Henry Melton was a huge signing for the Dallas Cowboys, but he’s not the only player to don the silver and blue this week.
That’s right. Let the jokes begin. The inept, ineffective Brandon Weeden has joined the Dallas quarterbacking corps. Maybe he can chip in a few interceptions this year.
Why did the Cowboys sign this guy? They have not only a statistically elite starter, but also quite possibly the league’s best backup.
I’ll tell you why. It’s called $75,000.
That was Weeden’s cap hit. For next to nothing, the Cowboys have locked up the NFL’s best third-string quarterback. Finally, Weeden is playing at a level where he can excel.
All kidding aside, Weeden never had much of a chance in Cleveland. The line play in front of him was atrocious. His weapons were limited. He didn’t help himself out most of the time, but a look at the film says the fault belongs to the entire offense and not entirely to him.
So there’s no reason to sit here and lob insults at a man who, most likely, will never see meaningful playing time in Dallas. Weeden’s best-case scenario at this point is to play out his two-year veteran-minimum contract, perform well in the preseason and land a gig somewhere that will let him compete to start.
For the Cowboys, Weeden means a few things. He will allow Tony Romo to take it easy during OTAs and mini-camp so he can be fully healthy when training camp rolls around. He will provide some insurance for the possibility of a Kyle Orton retirement, an increasingly unlikely but still-possible occurrence. After all, retirement rumors don’t pop up from nowhere.
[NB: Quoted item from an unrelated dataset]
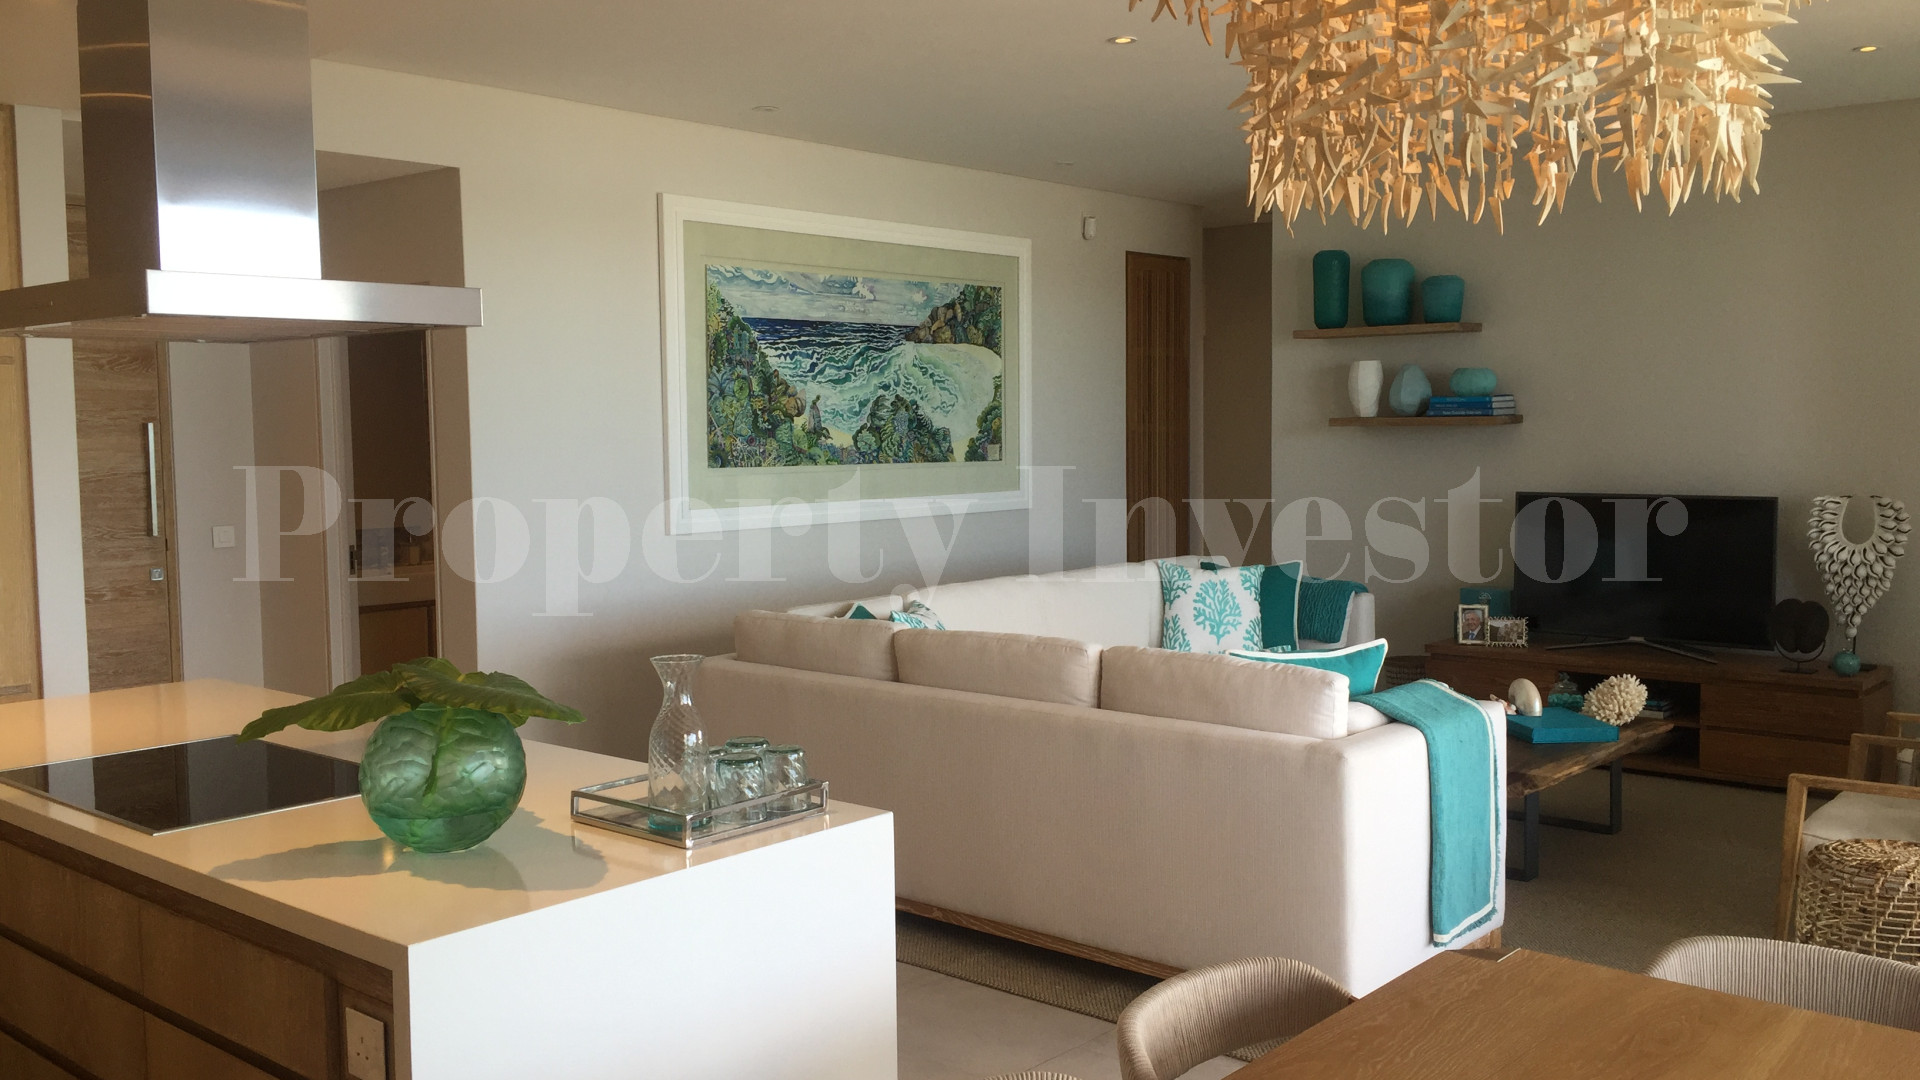 3 Bedroom Luxury Apartment with Award-Winning Design for Sale in Seychelles

Perhaps most importantly, signing Weeded precludes the need for Dallas to draft a quarterback. I would be shocked to see them do so with three good ones on the roster now. Instead, the team can focus its energy almost exclusively on the defense, drafting potential starters and then some depth.
There was a sense of frustration among the Dallas fan base when the signing was announced, one day before Henry Melton’s deal was done. Most of this was probably a reaction to the perceived lack of moves at Valley Ranch rather than a true criticism of a deal that can only be characterized as solid and largely unimportant.
Now that the team has nabbed Melton, criticism seems to have subsided. Finally the team has added the starting-caliber 3-technique it needed.
Weeden should be grateful to have the attention removed. He knows as well as anyone that his role in Dallas will be to stay below the radar and learn from league veterans Romo and Orton.
It will be hard, but when Weeden takes the field for some preseason action, let’s try to avoid the wisecracks and snide remarks. He was a practically free solution to a temporary problem, and that’s all he’ll ever be.
Hey, it could be worse. It could have been Tim Tebow.